Eat a balanced diet. Eating a diet rich in lean proteins, whole grains, fruits, vegetables and healthy fats, such as olive oil and avocados, will help you maintain proper weight. Eating healthy foods helps provide your body with the nutrients it needs to function properly; it will also help keep you full and energized. Drink plenty of water. Avoid foods that consist of empty calories, such as those made with white sugar or flour, as well as fast foods and alcohol. It is important not to eat more calories than your body needs; you can determine an appropriate calorie intake by consulting a nutritionist or doctor. You can also estimate the number by using an online calorie calculator.
Exercise regularly. Participate in moderate aerobic activity most days of the week for about 30 minutes. Find an activity you enjoy, such as running or biking, which will help you stick with it. Incorporate strength training into your routine. Activities such as housework, walking the dog and taking the stairs instead of the elevator count toward overall calorie burn. Lifting weights will increase your muscle mass and boost boost your metabolism. Your body will require more energy to function, resulting in an increase in calorie burn all day and night, even if you are not working out.
Manage your emotions. Stress, boredom and emotional problems can lead to overeating or eating unhealthy foods, such as sweets and fast food. Find healthy ways to deal with your emotions, such as writing in a journal, yoga or talking to a friend. Avoid mindless eating while watching television. Spend time with friends and family members who are encouraging and supportive of your goals. If you miss a workout or splurge on a treat, forgive yourself and focus on getting back on track.

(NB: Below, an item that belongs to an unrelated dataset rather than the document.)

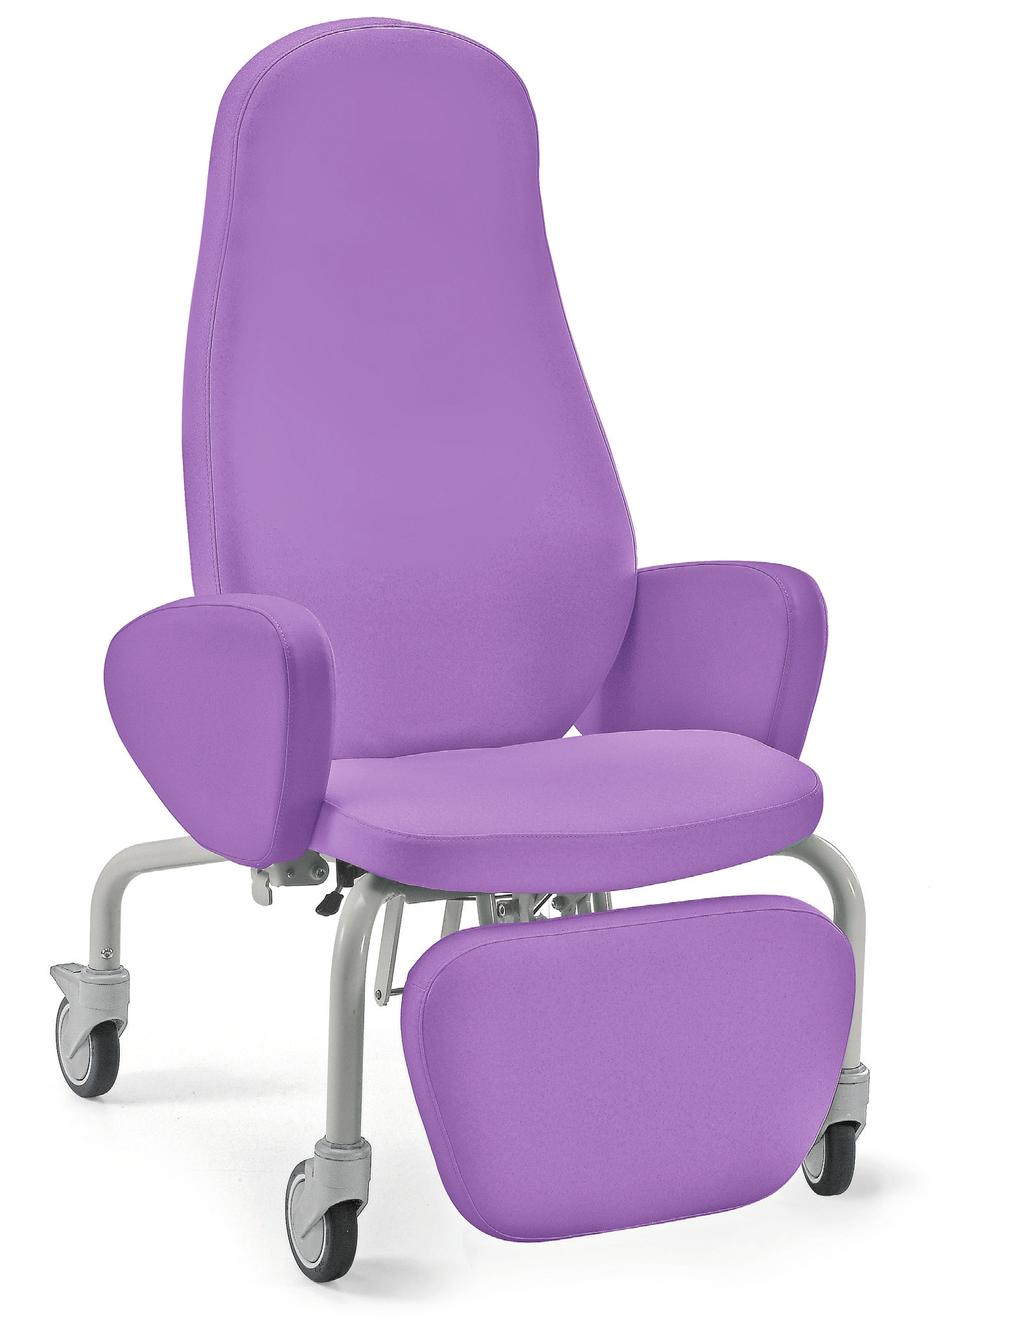 MEDIC Patient Relaxation & Transport Chair 130Kg Designed for patient relaxation and transport, this easy chair has 125mm castors (2 braked castors) and is easily moved using the integral push-pull

Be patient. Weight loss, if done properly, takes time. If you are consistent with your diet and exercise programs, weight loss will happen and you will be more likely to keep the weight off long term. Do not focus on the scale; the body is made up mostly of water, so daily fluctuations in weight are normal. Aim to lose about 1 to 2 lbs. a week. If you lose more than that, is a sign that you are losing water weight or muscle rather than fat.